### Available data
————————
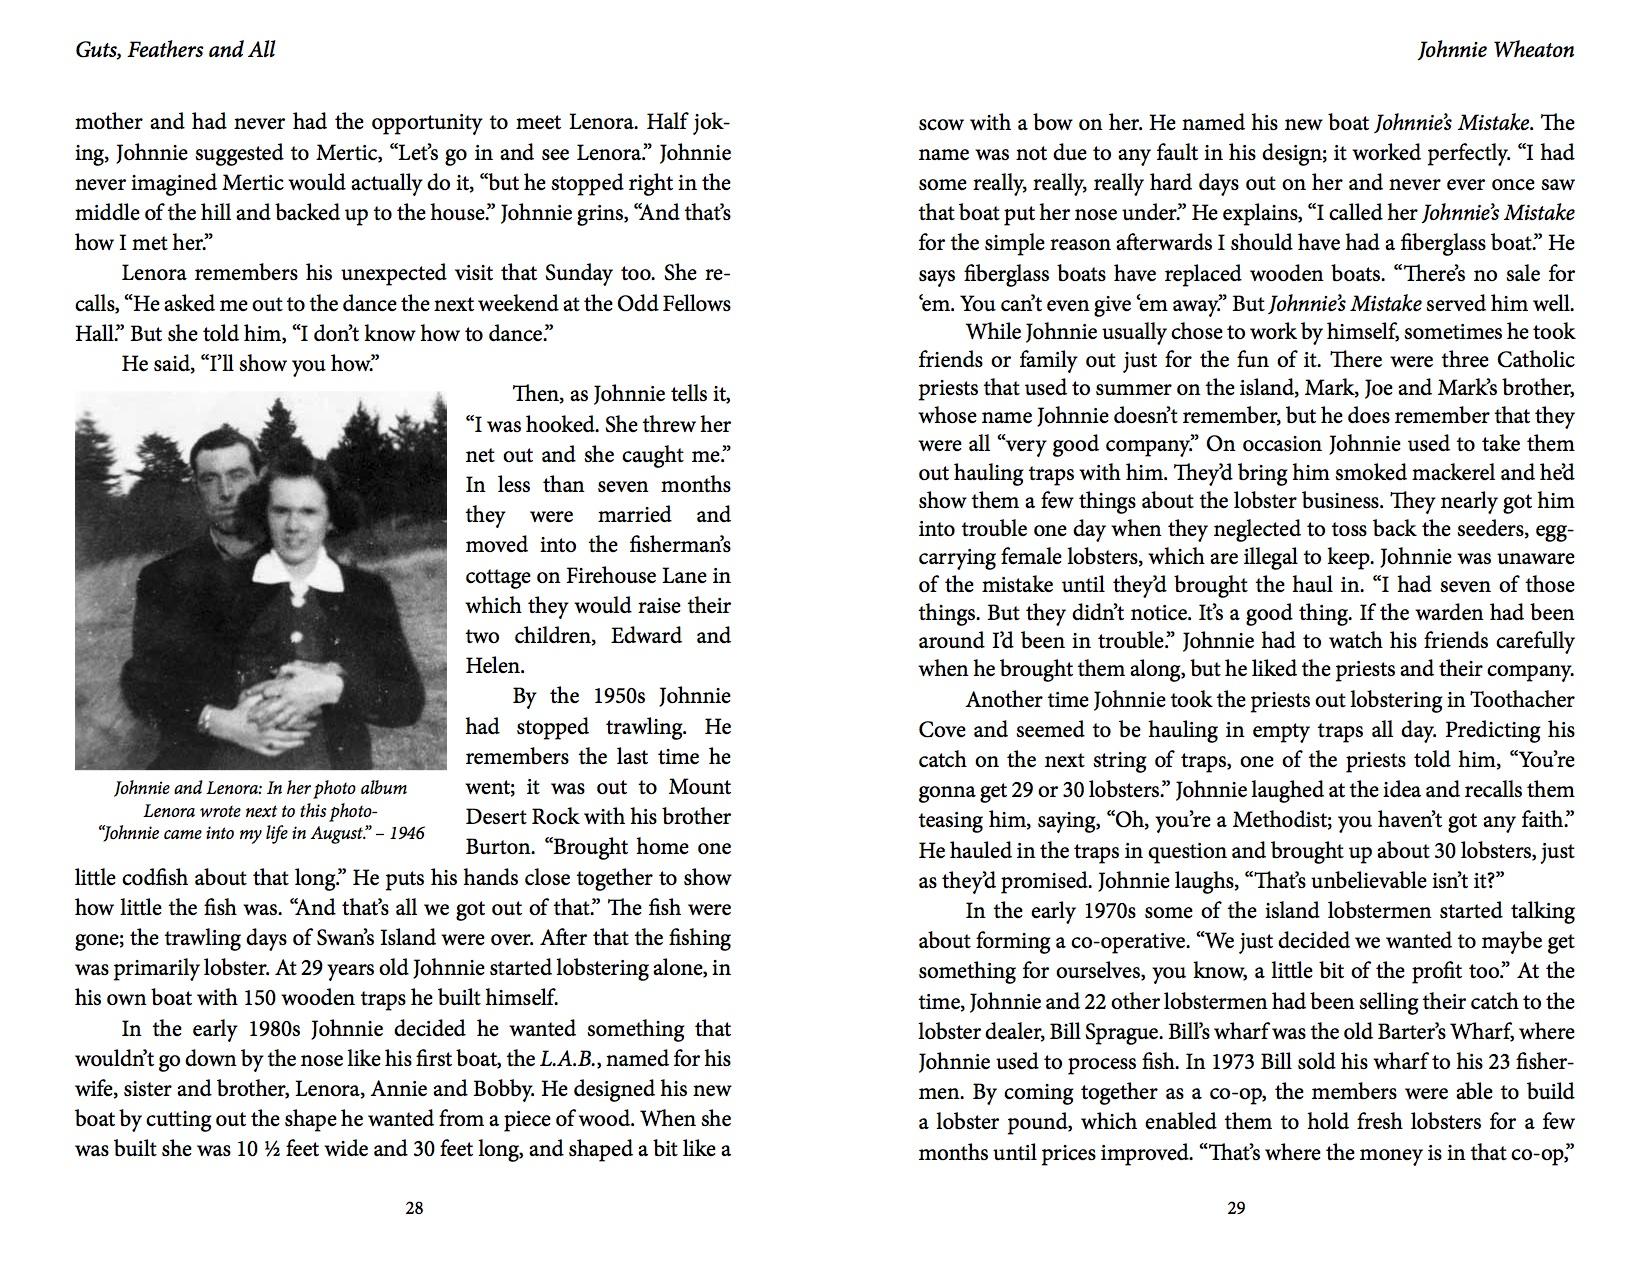 Johnnie W page 4.jpg
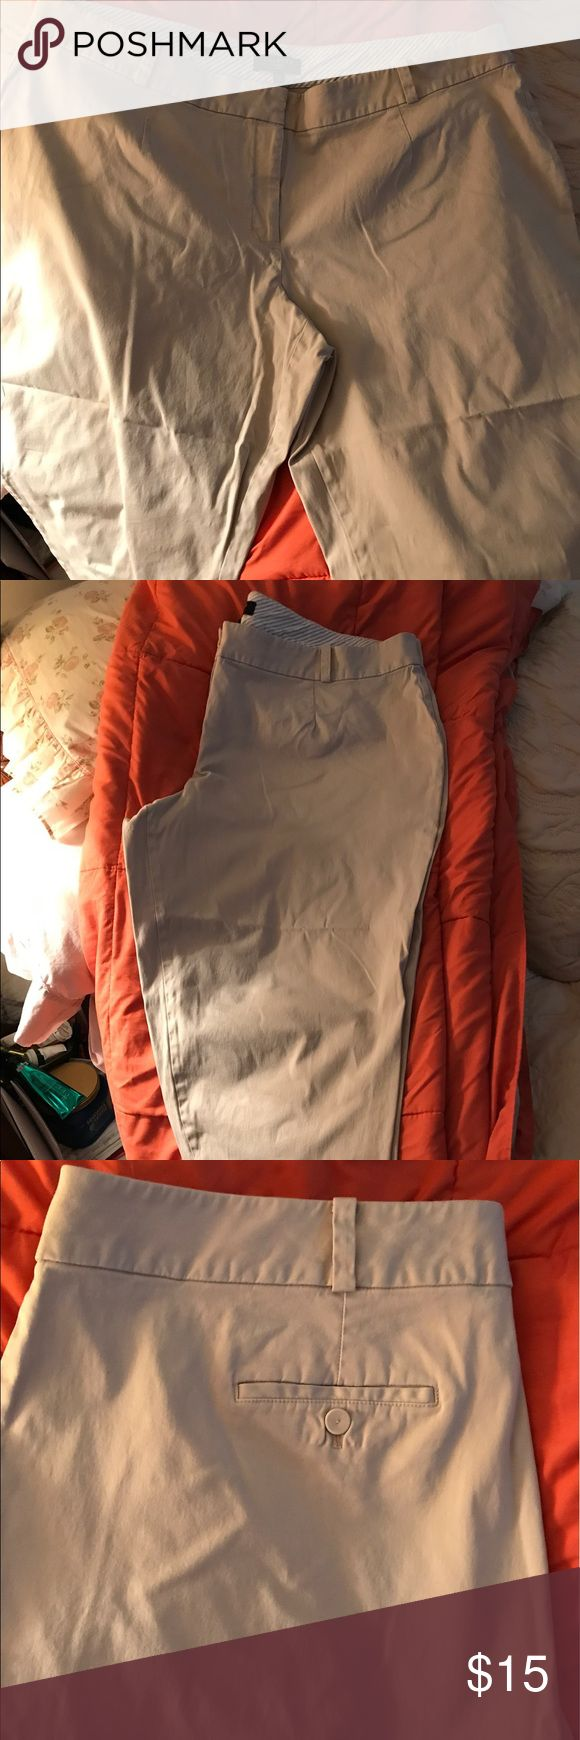 Khaki colored Size 22W Talbots Capris. Khaki colored Talbots Capris Size 22W Excellent Condition! 💕💕🦋💕💕 Talbots Pants Capris
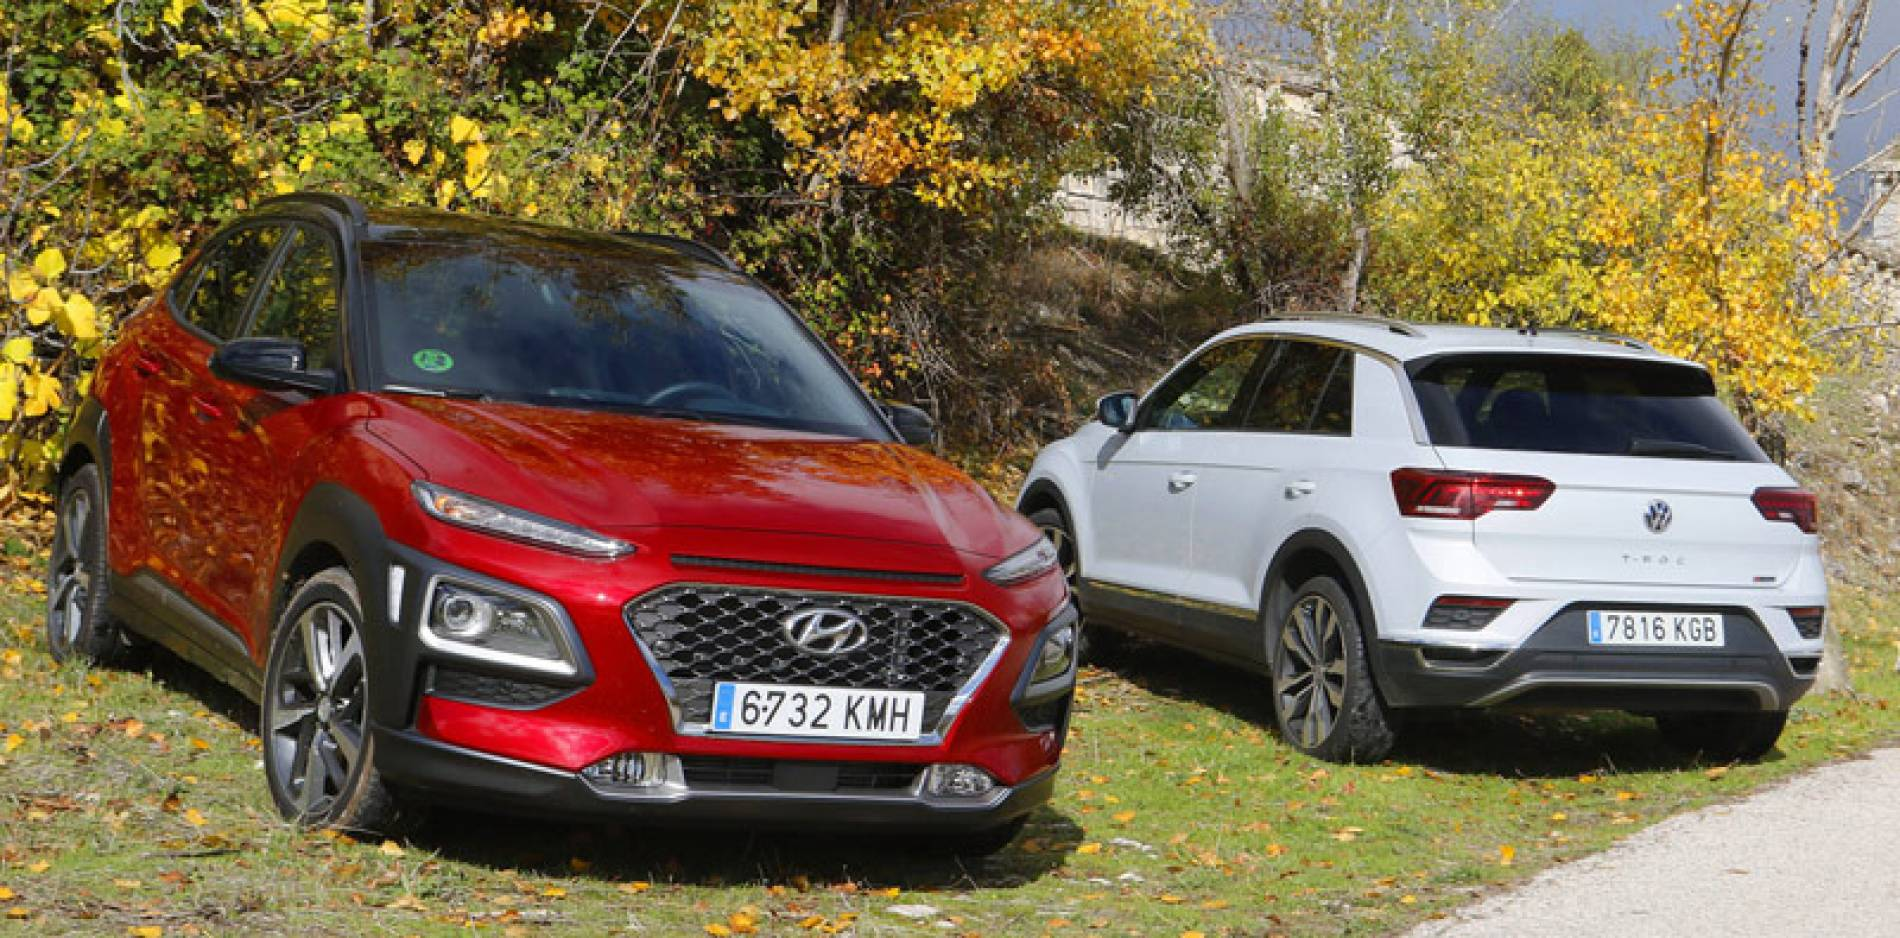 Comparativa entre SUV urbanos: Hyundai Kona vs Volkswagen T-Roc, clase dominante
————————
### Problem requirements
What you return should be the exact lines from the one containing "Khaki colored Size" through the end of the listing above, both included, minus any pictures.

### Result for this exercise
 Khaki colored Size 22W Talbots Capris. Khaki colored Talbots Capris Size 22W Excellent Condition! 💕💕🦋💕💕 Talbots Pants Capris
 Comparativa entre SUV urbanos: Hyundai Kona vs Volkswagen T-Roc, clase dominante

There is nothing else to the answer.